ASSIGNED TASK –
Search the data below for the word "dans" and copy each line that holds it.
Start of Block
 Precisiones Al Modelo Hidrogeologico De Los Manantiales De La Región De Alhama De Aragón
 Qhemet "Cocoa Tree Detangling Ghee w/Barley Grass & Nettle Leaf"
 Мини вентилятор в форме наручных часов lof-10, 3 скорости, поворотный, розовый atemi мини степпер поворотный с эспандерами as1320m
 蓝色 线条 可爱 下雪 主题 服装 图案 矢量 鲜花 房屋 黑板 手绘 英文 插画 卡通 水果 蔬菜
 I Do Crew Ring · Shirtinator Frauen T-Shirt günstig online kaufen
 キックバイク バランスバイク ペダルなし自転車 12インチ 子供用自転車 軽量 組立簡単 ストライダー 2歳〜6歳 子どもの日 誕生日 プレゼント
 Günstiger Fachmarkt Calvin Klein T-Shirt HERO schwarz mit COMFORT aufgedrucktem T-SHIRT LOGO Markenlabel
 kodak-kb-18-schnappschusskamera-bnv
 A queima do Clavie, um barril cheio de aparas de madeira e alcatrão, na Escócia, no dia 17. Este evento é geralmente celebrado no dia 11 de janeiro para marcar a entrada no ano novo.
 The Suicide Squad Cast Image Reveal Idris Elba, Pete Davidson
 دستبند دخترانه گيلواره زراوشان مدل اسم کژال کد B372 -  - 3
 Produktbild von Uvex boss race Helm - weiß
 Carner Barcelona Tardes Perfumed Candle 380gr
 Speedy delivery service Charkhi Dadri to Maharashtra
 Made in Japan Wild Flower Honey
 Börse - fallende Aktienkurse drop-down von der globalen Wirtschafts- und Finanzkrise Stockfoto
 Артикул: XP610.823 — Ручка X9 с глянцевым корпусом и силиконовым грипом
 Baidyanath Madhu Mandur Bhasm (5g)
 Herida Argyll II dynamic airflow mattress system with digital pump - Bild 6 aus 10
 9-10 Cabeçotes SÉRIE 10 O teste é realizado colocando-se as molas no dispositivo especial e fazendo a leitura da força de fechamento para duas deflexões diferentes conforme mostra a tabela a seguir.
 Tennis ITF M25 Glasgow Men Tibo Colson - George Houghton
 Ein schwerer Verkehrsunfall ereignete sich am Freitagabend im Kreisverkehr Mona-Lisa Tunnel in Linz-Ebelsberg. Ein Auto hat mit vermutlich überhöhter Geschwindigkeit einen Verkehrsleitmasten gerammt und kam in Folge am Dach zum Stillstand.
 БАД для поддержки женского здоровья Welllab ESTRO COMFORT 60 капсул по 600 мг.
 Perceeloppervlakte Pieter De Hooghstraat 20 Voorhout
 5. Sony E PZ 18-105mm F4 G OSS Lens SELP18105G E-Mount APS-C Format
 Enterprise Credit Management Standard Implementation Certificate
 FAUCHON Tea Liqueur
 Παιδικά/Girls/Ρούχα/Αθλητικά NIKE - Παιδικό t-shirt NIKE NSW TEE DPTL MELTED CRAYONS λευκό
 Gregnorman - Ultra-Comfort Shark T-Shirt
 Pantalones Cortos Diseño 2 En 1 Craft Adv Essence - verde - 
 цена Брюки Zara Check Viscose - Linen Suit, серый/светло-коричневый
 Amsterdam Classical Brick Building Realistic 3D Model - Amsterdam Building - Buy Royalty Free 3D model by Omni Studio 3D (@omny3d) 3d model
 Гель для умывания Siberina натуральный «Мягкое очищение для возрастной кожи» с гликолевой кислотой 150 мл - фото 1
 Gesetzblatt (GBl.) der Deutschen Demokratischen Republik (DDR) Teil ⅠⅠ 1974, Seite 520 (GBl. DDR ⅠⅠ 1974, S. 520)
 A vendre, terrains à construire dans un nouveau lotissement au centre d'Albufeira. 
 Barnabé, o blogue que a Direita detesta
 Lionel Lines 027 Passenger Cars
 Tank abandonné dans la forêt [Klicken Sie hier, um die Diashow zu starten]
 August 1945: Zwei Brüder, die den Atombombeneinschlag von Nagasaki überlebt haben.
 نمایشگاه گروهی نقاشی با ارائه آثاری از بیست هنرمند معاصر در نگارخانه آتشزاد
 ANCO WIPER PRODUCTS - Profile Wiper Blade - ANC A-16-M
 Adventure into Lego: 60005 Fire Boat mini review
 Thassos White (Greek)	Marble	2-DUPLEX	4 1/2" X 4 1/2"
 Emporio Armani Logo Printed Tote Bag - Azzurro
End of Block
SOLUTION FOR THIS TASK –
 A vendre, terrains à construire dans un nouveau lotissement au centre d'Albufeira. 
 Tank abandonné dans la forêt [Klicken Sie hier, um die Diashow zu starten]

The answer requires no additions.